By Chris Lowe (August 22, 2017)
Which would do more to impede the growth of the racist right, and the attacks on people of color, immigrants, Muslims, and other targets: 1) Mobilizing against “Trump free speech” rallies that the white nationalist right is using to insert themselves into the Tea Party base and spread their rhetoric there, or 2) mobilizing against the policies of Jeff Sessions at DOJ?
This is a false opposition, of course. Both are possible simultaneously, of course, and might indeed be able to support one another.
But the rallies are the easier target, and that’s where the focus is. Yet, the threats from the DOJ are larger and more systematic.

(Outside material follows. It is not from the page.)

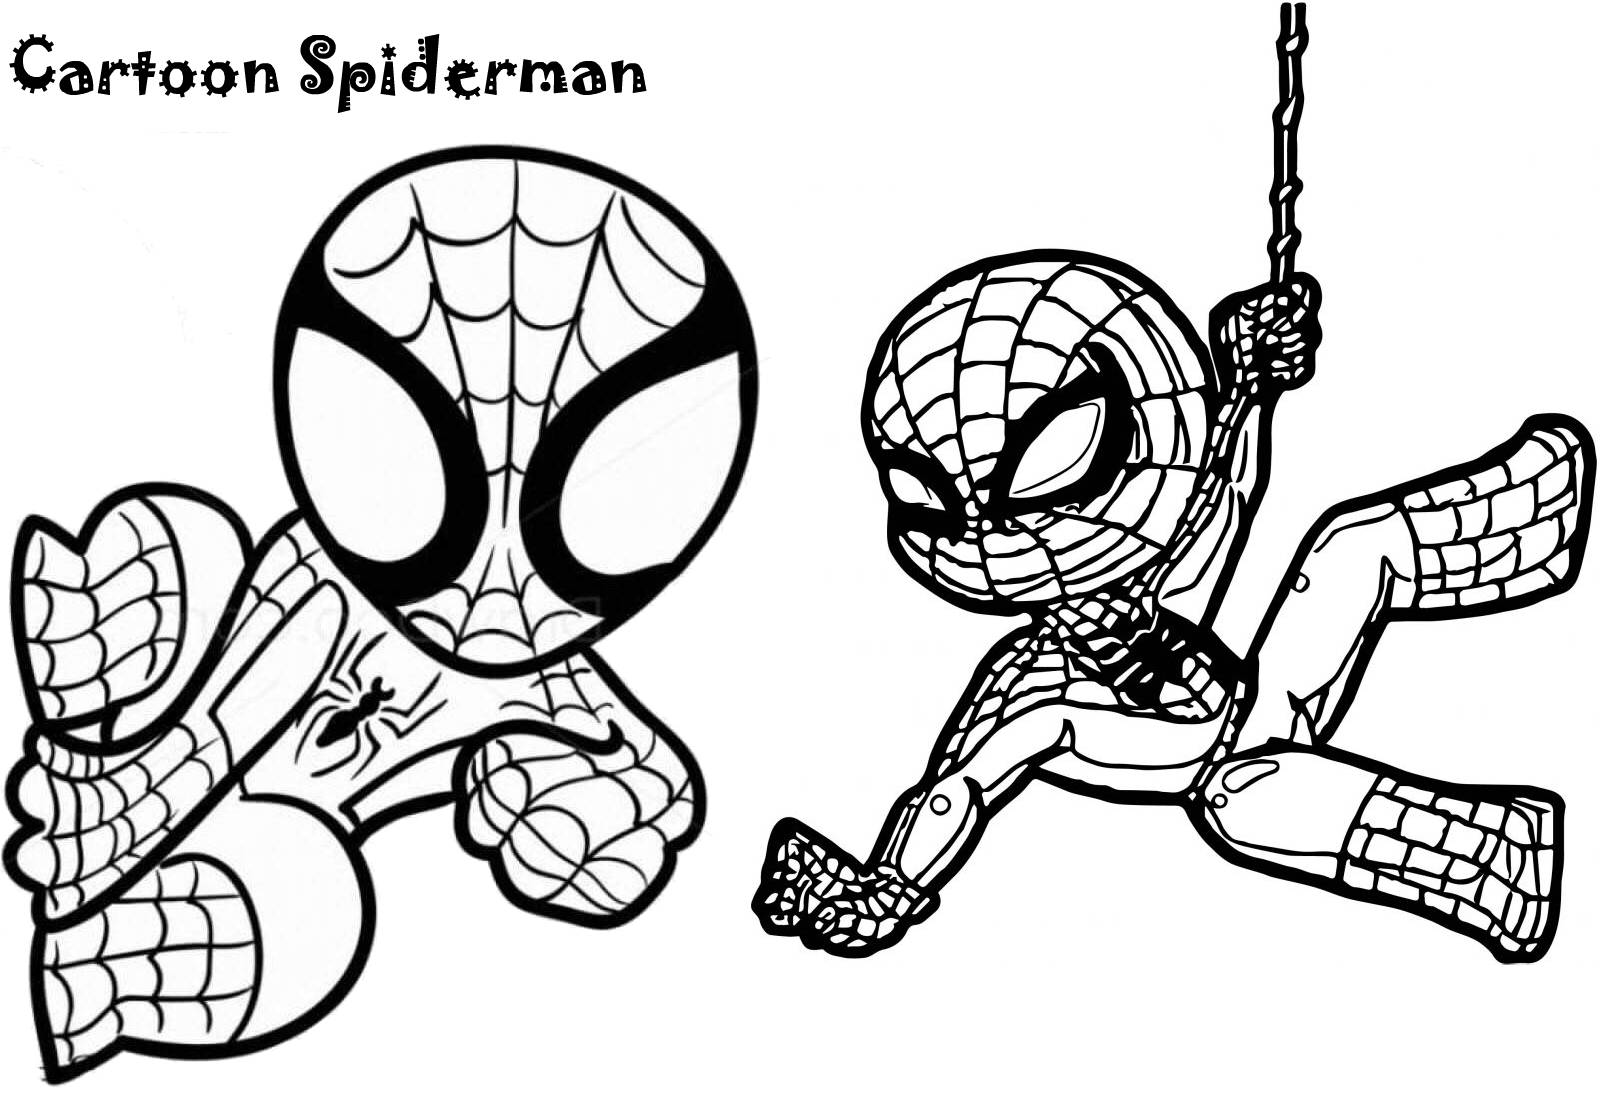 Gorgeous Spider-man coloring book for 5 year olds

In Portland, there is organizing against the City’s efforts to revise its agreement with the DOJ that requires some elements of police reform, though not nearly enough. We need to connect that organizing to Jeff Sessions, need to put pressure on the City Council not to collaborate in Sessions’ roll-back of the DOJ’s historical role as sometimes a force against local abuses of power, even if that role has never been consistent and has included its own abuses when the FBI takes on the role of national political police. IMO.
The City says it does not want to collaborate with racist and abusive federal immigration policies that break up families, says we are a Sanctuary City. We should hold ourselves as a community to the same standard in not collaborating with Jeff Sessions’ and Donald Trump’s policies of rewidening the scope for police impunity for acts of racialized violence and discriminatory policing.
Good points, and to the prospect of defending, or deepening the meaning, of being a “sanctuary city” I’ve encountered folks that are proposing a shift from the idea of sanctuary to solidarity. So, Solidarity City instead of Sanctuary City. This shift appears an appropriate intervention as it suggests more than simple state agencies not complying with federal policies, that also needed are programs of mutual aid and self-defense (including, but not limited to, the establishment of a modern underground railroad for refugees and undocumented peoples).